- Born: St. Louis, Missouri, U.S.
- Education: Beloit College (BFA) Ohio State University (MFA)
- Occupation: Cartoonist

= Julia Suits =

American cartoonist

Julia Suits is a contributing cartoonist for The New Yorker and other publications.

Born in St. Louis, Missouri, Suits received a BFA in painting from Beloit College and an MFA from Ohio State University. Her editorial portraits, syndicated by Creators Syndicate from 1988 to 2008, appeared in newspapers worldwide, including the Los Angeles Times, Aspergers Weekly and the San Francisco Chronicle.

==Books==
Suits has illustrated scientific journals and textbooks. As a certified medical illustrator and forensic sculptor, she reconstructed the head of an Egyptian mummy using CAT scan technology.

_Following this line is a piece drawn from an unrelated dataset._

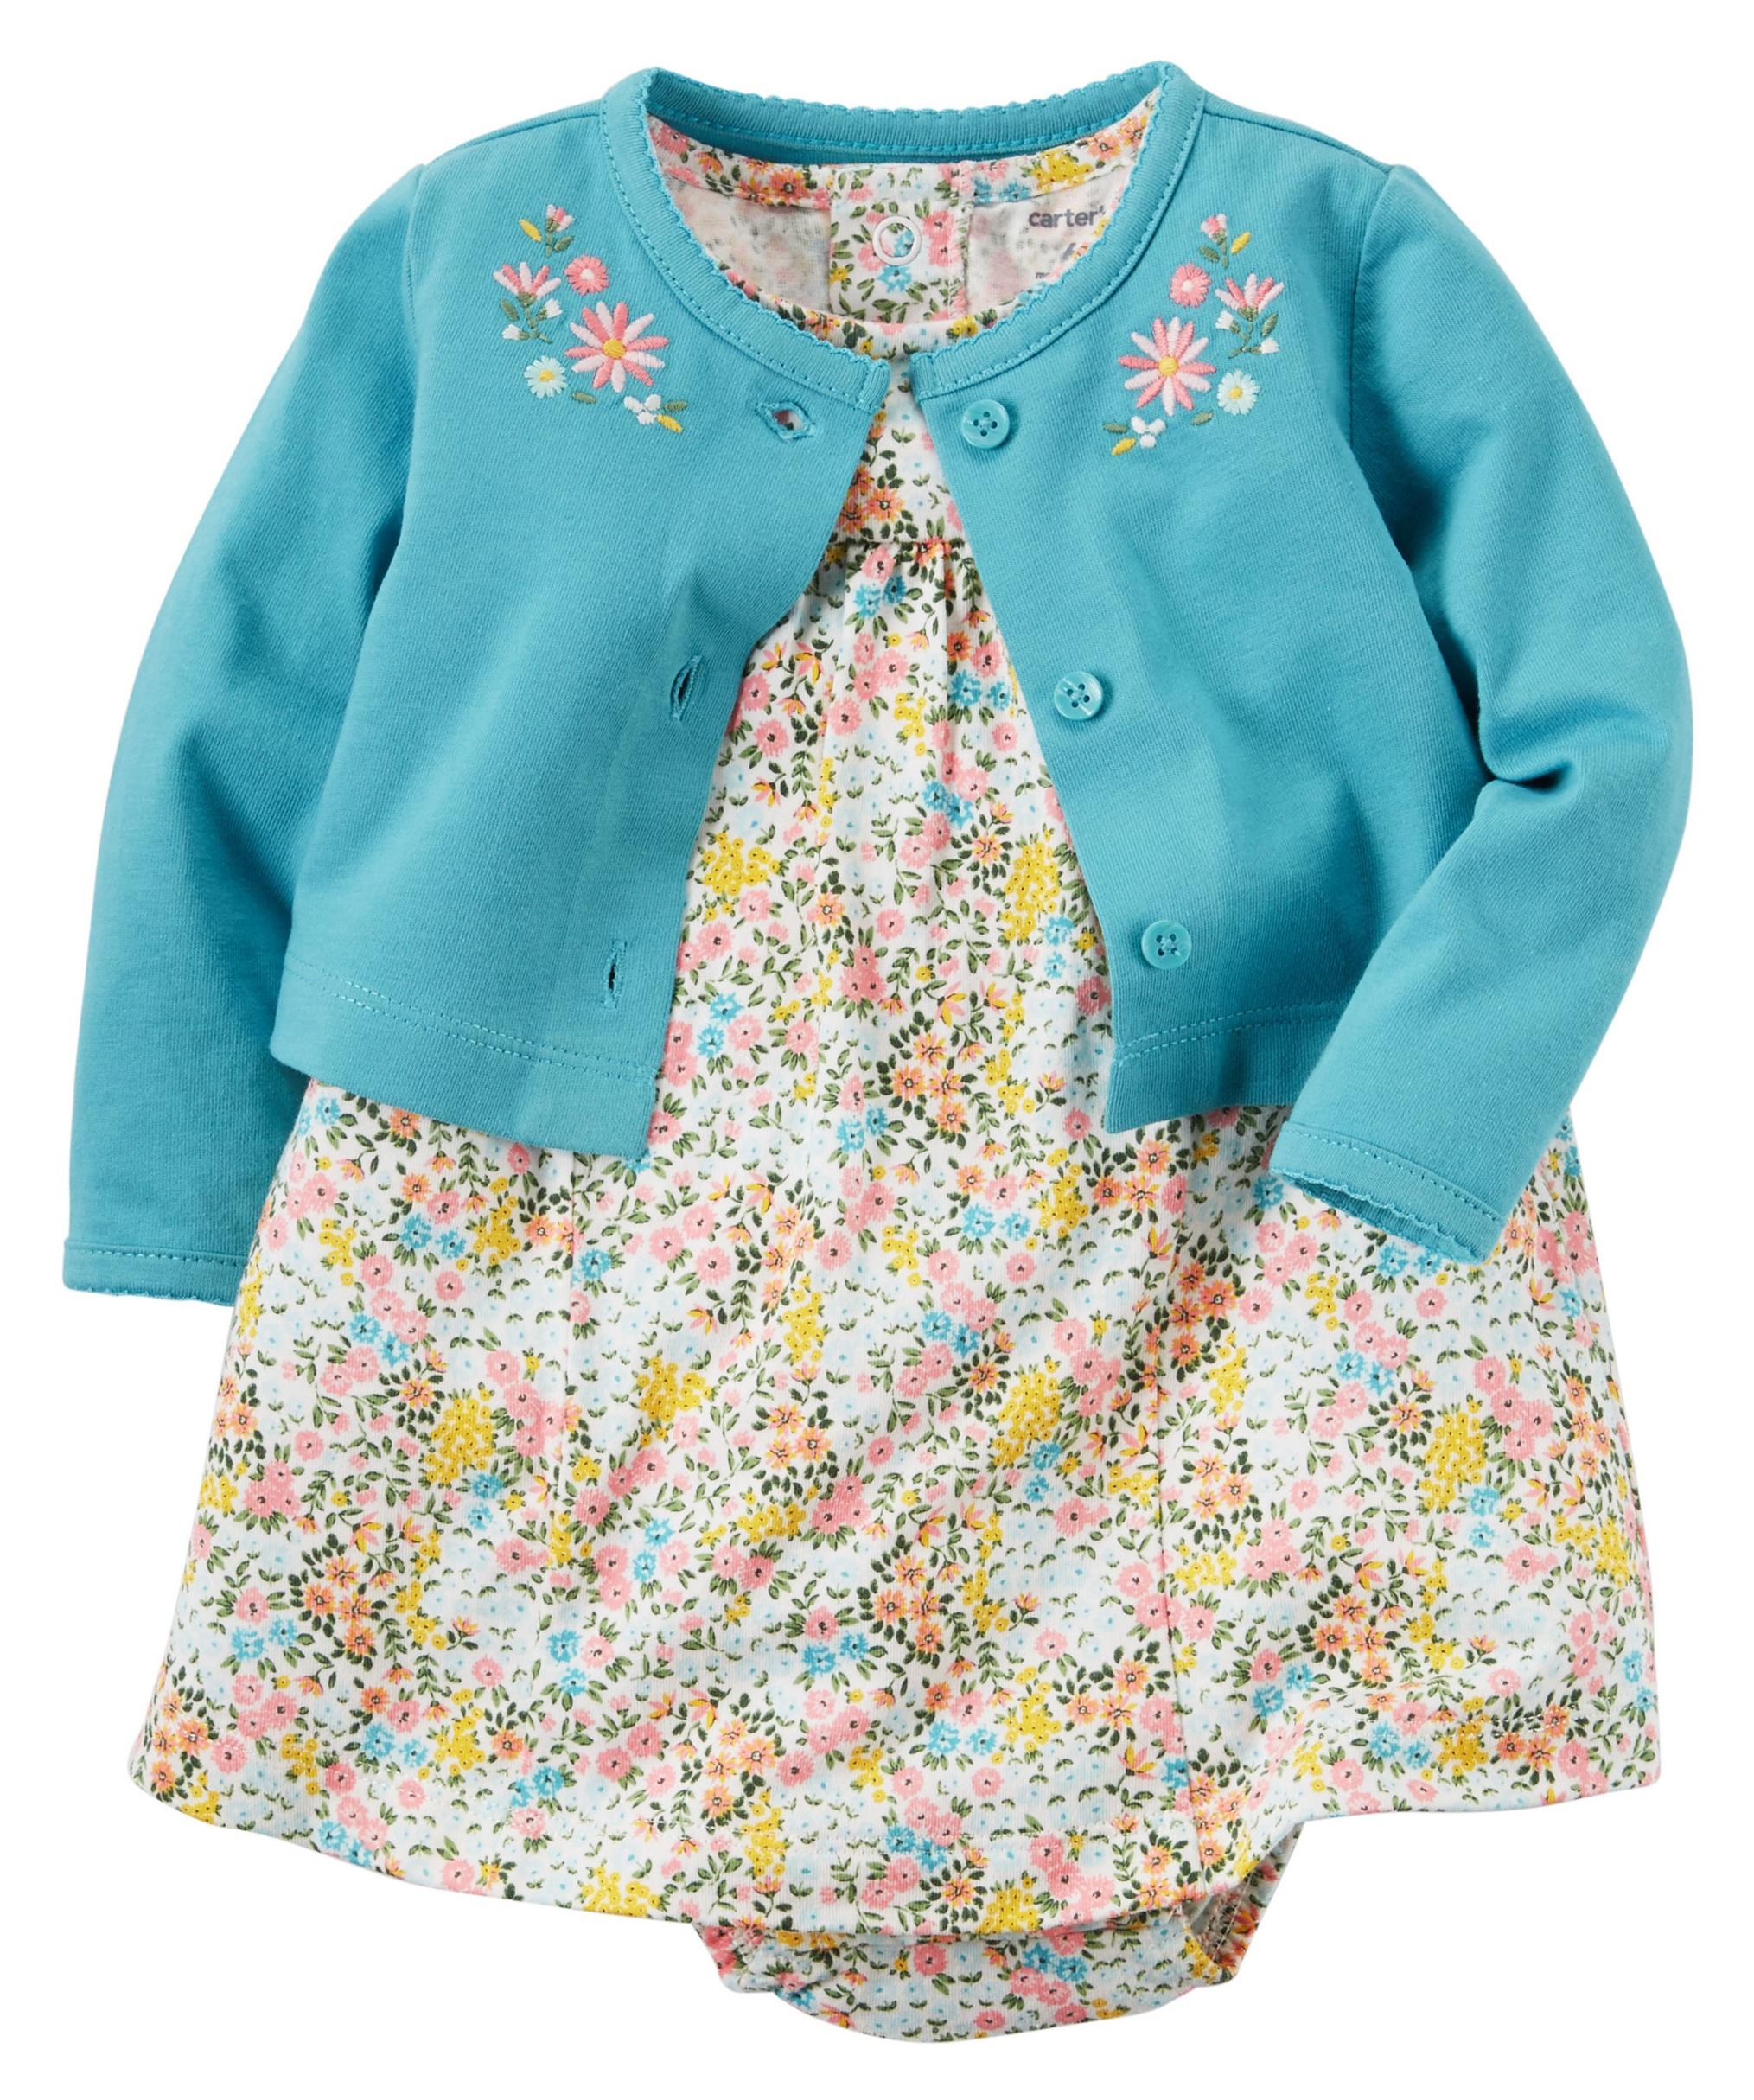 ست 2 تکه لباس نوزادی دخترانه کارترز مدل 934

She created art for a book of idioms, I'm Not Hanging Noodles on Your Ears by Jag Bhalla (National Geographic, 2009), and other books showcasing her work include The Rejection Collection II, edited by Matt Diffee (Gallery, 2007), and Sex and Sensibility, edited by Liza Donnelly (Twelve, 2008).

She is the author of a non-fiction book, The Extraordinary Catalog of Peculiar Inventions: The Curious World of the Demoulin Brothers and Their Fraternal Lodge Prank Machines from Human Centipedes and Revolving Goats to Electric Carpets and Smoking Camels (Perigee, 2011).